To do - Word for word, copy the lines beginning at the one with "Small/Large Linen Tote" and ending at the last line below; pictures stay out.

Provided data -
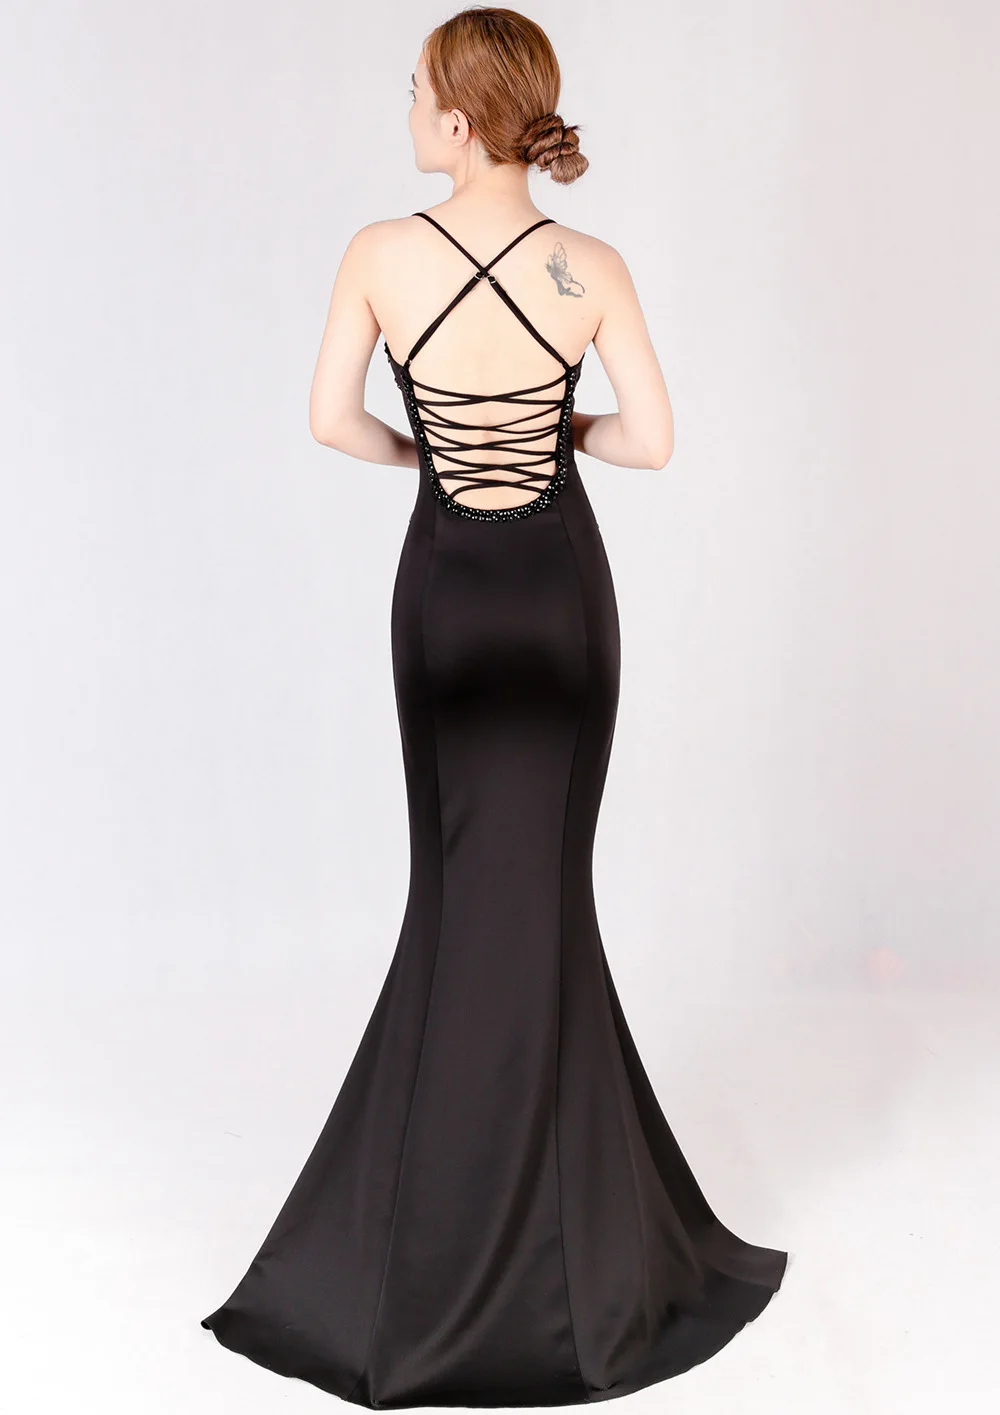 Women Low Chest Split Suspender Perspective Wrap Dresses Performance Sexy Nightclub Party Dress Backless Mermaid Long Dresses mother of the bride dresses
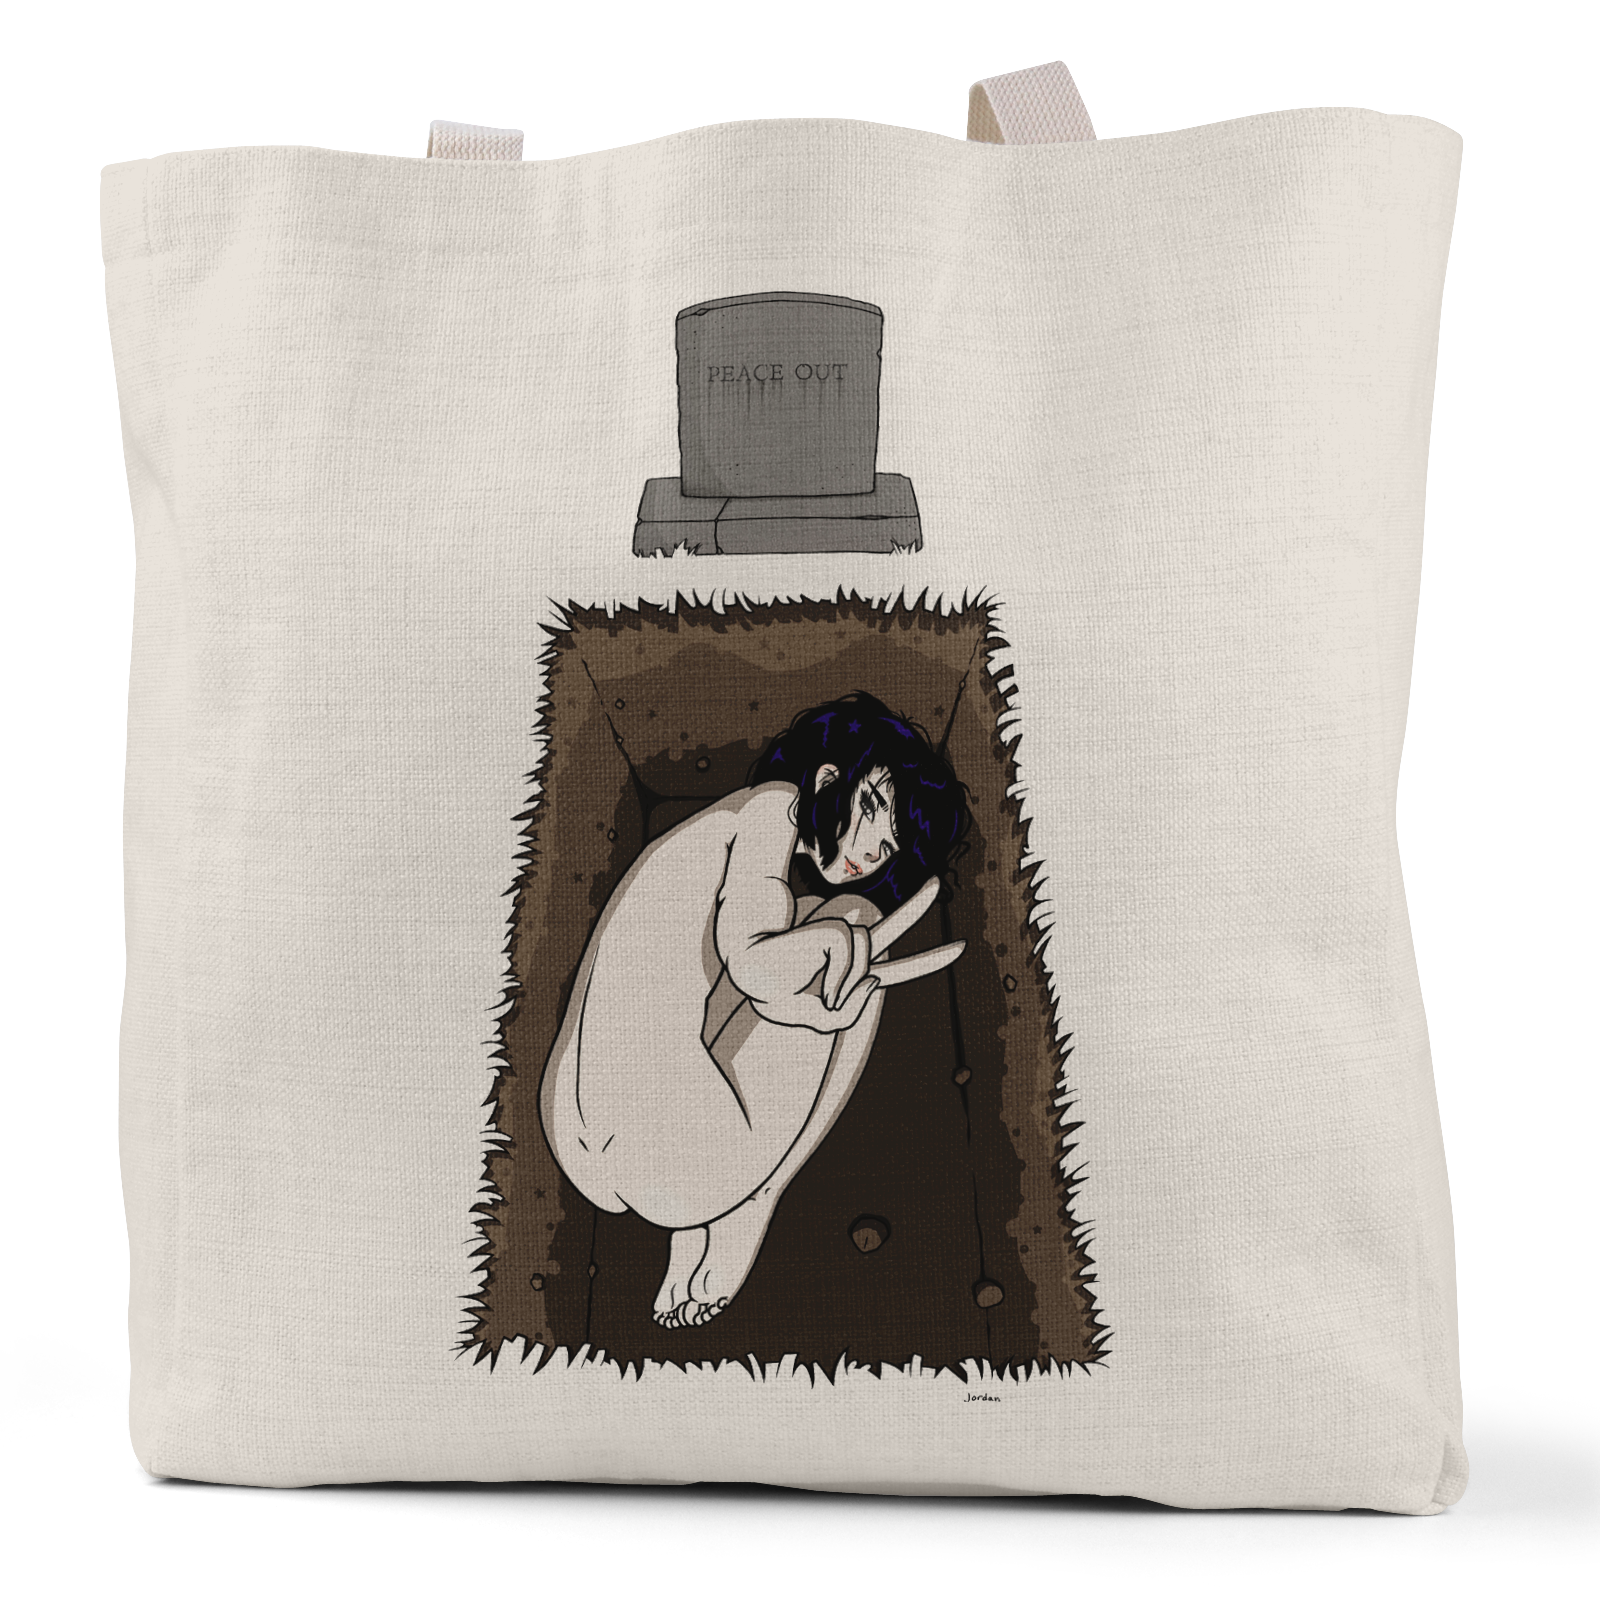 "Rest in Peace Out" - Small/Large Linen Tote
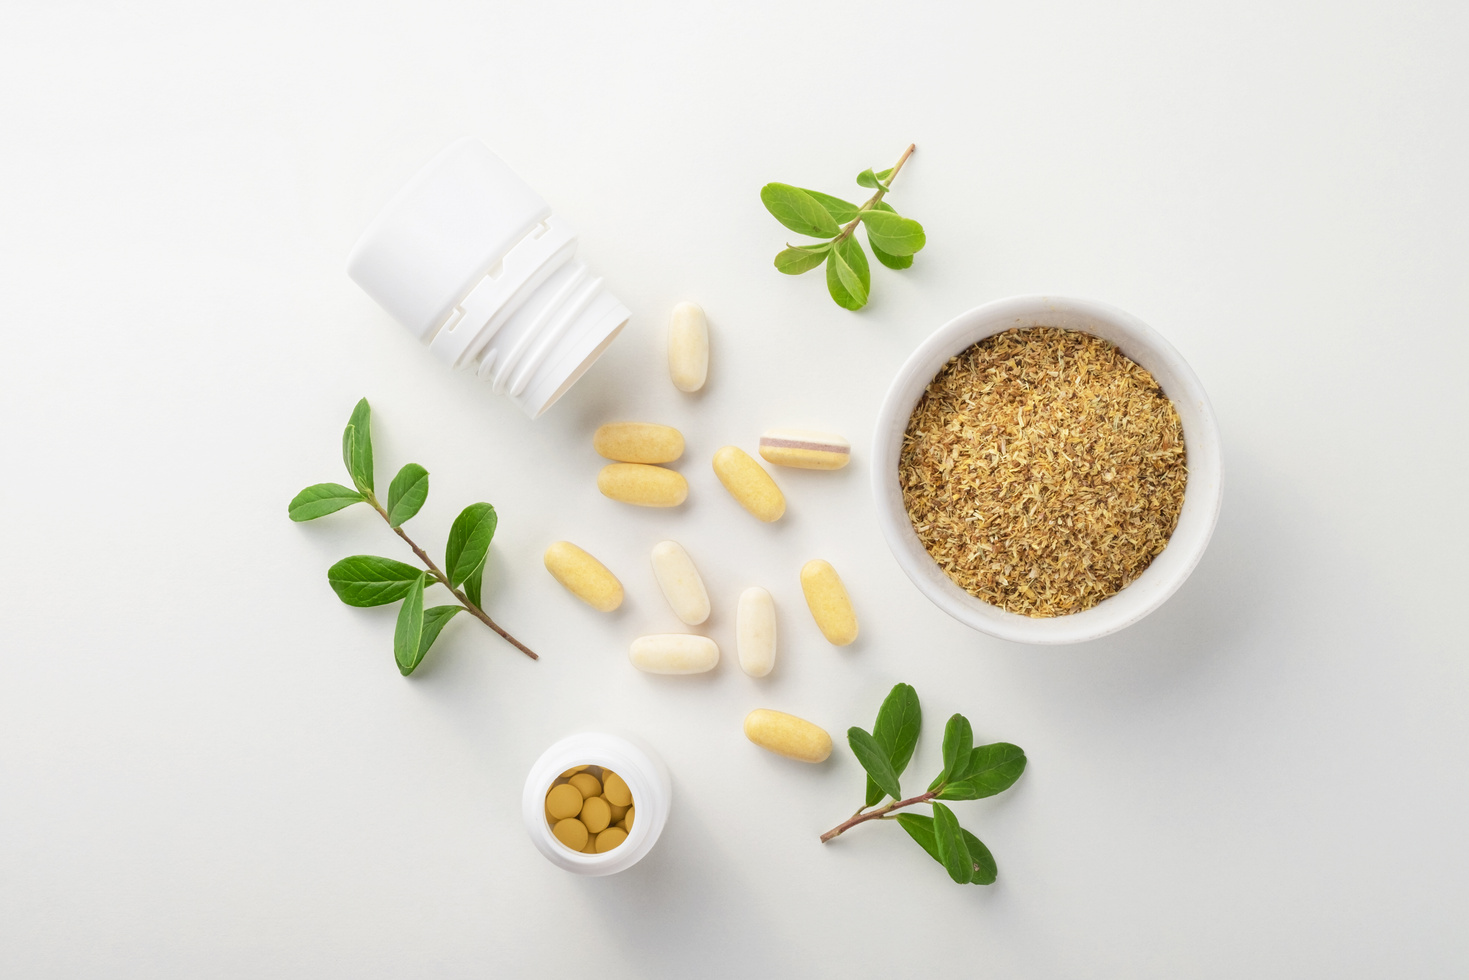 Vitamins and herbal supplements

Result of the exercise -
 "Rest in Peace Out" - Small/Large Linen Tote
 Vitamins and herbal supplements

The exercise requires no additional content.